创建 Session 对象(与您的 Astra DB 实例的连接)需要一些密钥。

(注意:在 Google Colab 和本地 Jupyter 上,某些步骤会略有不同,这就是为什么笔记本会检测运行时类型。)

# Your database's Secure Connect Bundle zip file is needed:
if IS_COLAB:
    print('Please upload your Secure Connect Bundle zipfile: ')
    uploaded = files.upload()
    if uploaded:
        astraBundleFileTitle = list(uploaded.keys())[0]
        ASTRA_DB_SECURE_BUNDLE_PATH = os.path.join(os.getcwd(), astraBundleFileTitle)
    else:
        raise ValueError(
            'Cannot proceed without Secure Connect Bundle. Please re-run the cell.'
        )
else:
    # you are running a local-jupyter notebook:
    ASTRA_DB_SECURE_BUNDLE_PATH = input("Please provide the full path to your Secure Connect Bundle zipfile: ")

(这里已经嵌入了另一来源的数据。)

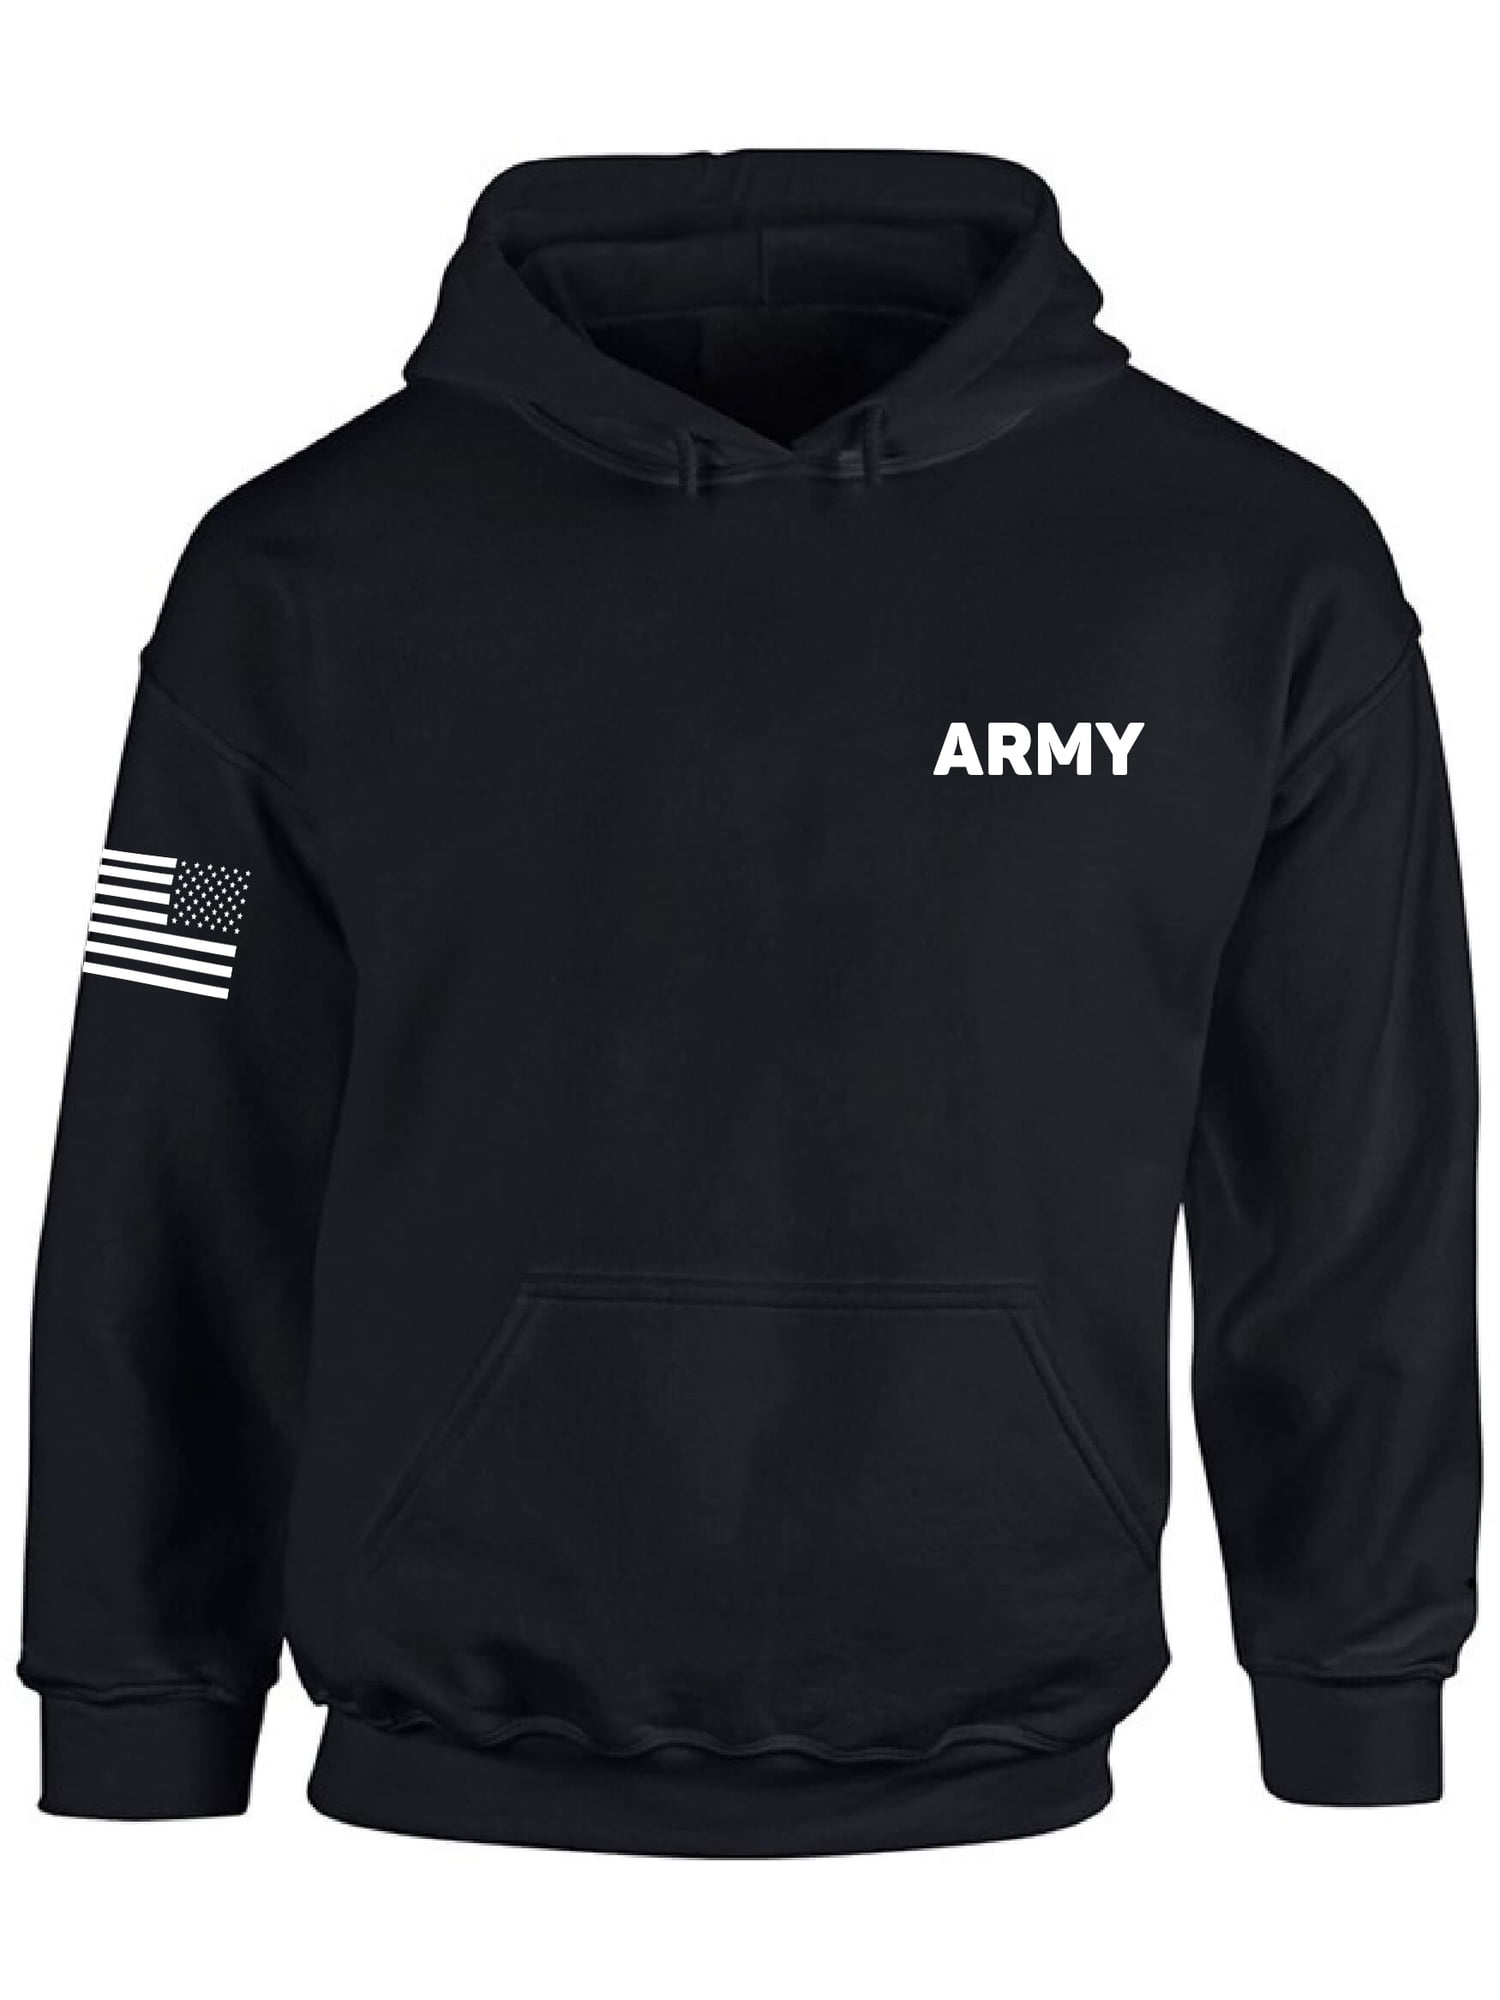 Awkward Styles American Flag Army Hoodie Vintage USA Army Men Women Hooded Sweatshirt
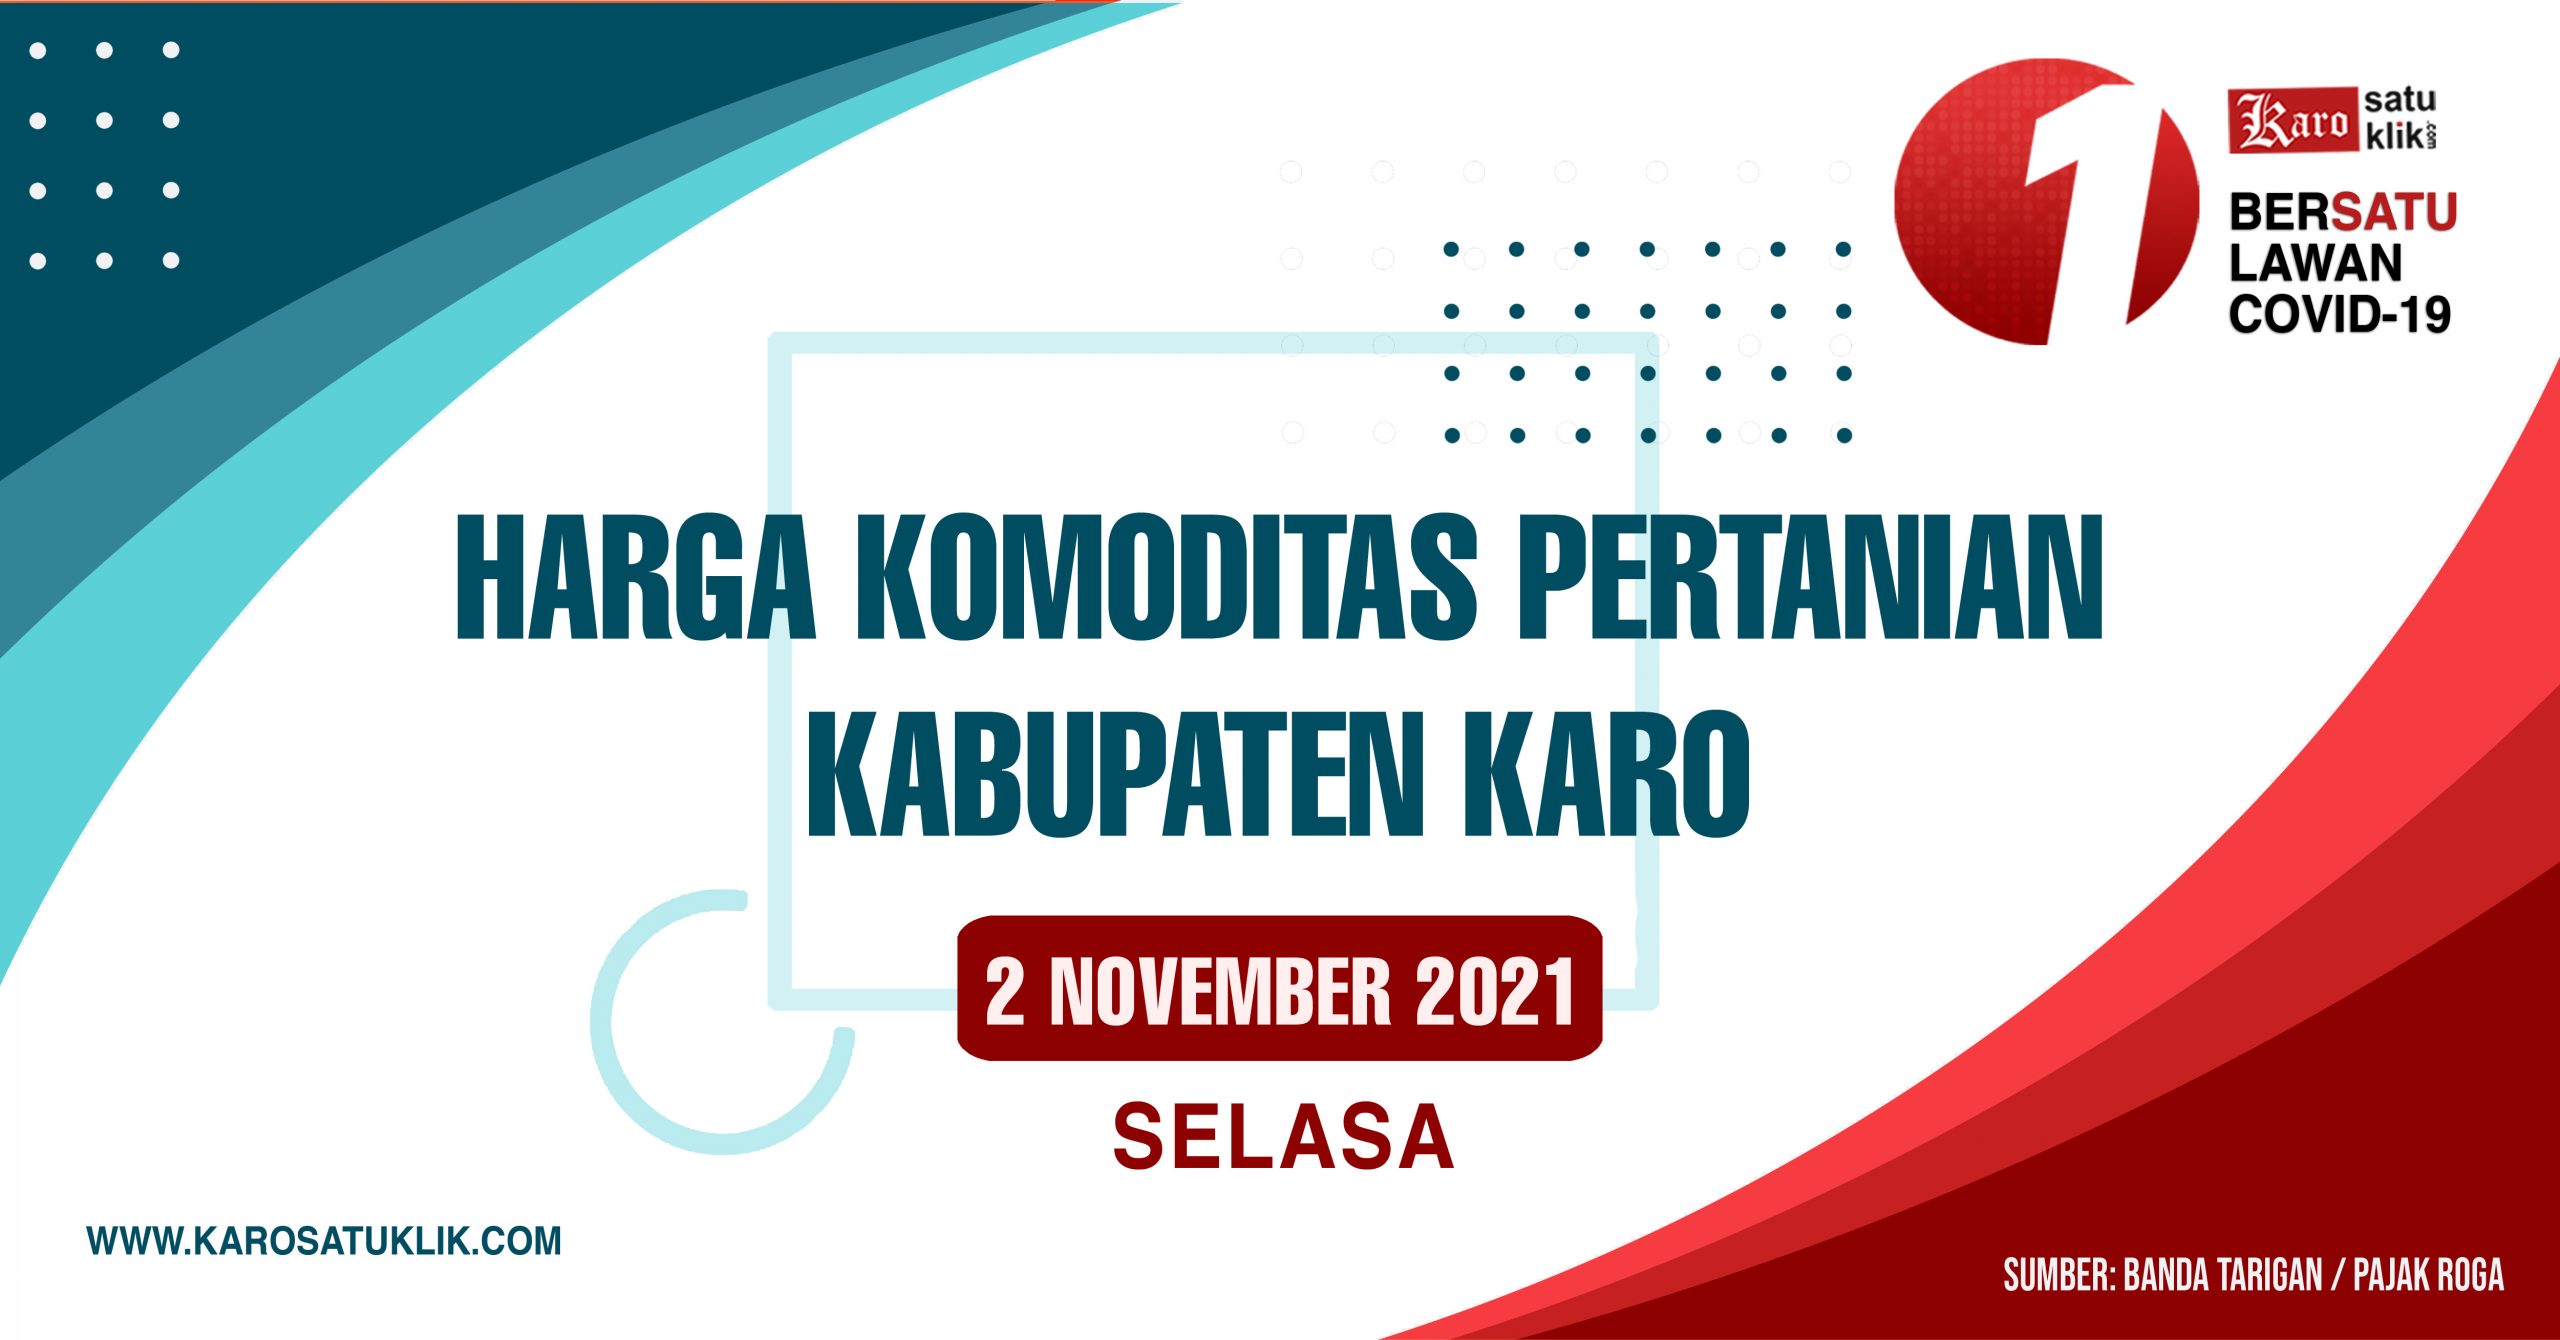 Daftar Harga Komoditas Pertanian Kabupaten Karo, 2 November 2021

ASTRA_DB_APPLICATION_TOKEN = getpass("Please provide your Database Token ('AstraCS:...' string): ")
ASTRA_DB_KEYSPACE = input("Please provide the Keyspace name for your Database: ")
Please provide the full path to your Secure Connect Bundle zipfile:  /path/to/secure-connect-DatabaseName.zip
Please provide your Database Token ('AstraCS:...' string):  ········
Please provide the Keyspace name for your Database:  my_keyspace

创建数据库连接

这是您如何创建与 Astra DB 的连接

(顺便说一句,您也可以使用任何 Cassandra 集群(只要它提供向量功能),只需通过更改参数到以下 Cluster 实例化。)

# Don't mind the "Closing connection" error after "downgrading protocol..." messages you may see,
# it is really just a warning: the connection will work smoothly.
cluster = Cluster(
    cloud={
        "secure_connect_bundle": ASTRA_DB_SECURE_BUNDLE_PATH,
    },
    auth_provider=PlainTextAuthProvider(
        "token",
        ASTRA_DB_APPLICATION_TOKEN,
    ),
)

session = cluster.connect()
keyspace = ASTRA_DB_KEYSPACE

在 CQL 中创建向量表

您需要一个支持向量并配备元数据的表。称之为“philosophers_cql”。

每行将存储:名言、其向量嵌入、名言作者和一组“标签”。您还需要一个主键来确保行的唯一性。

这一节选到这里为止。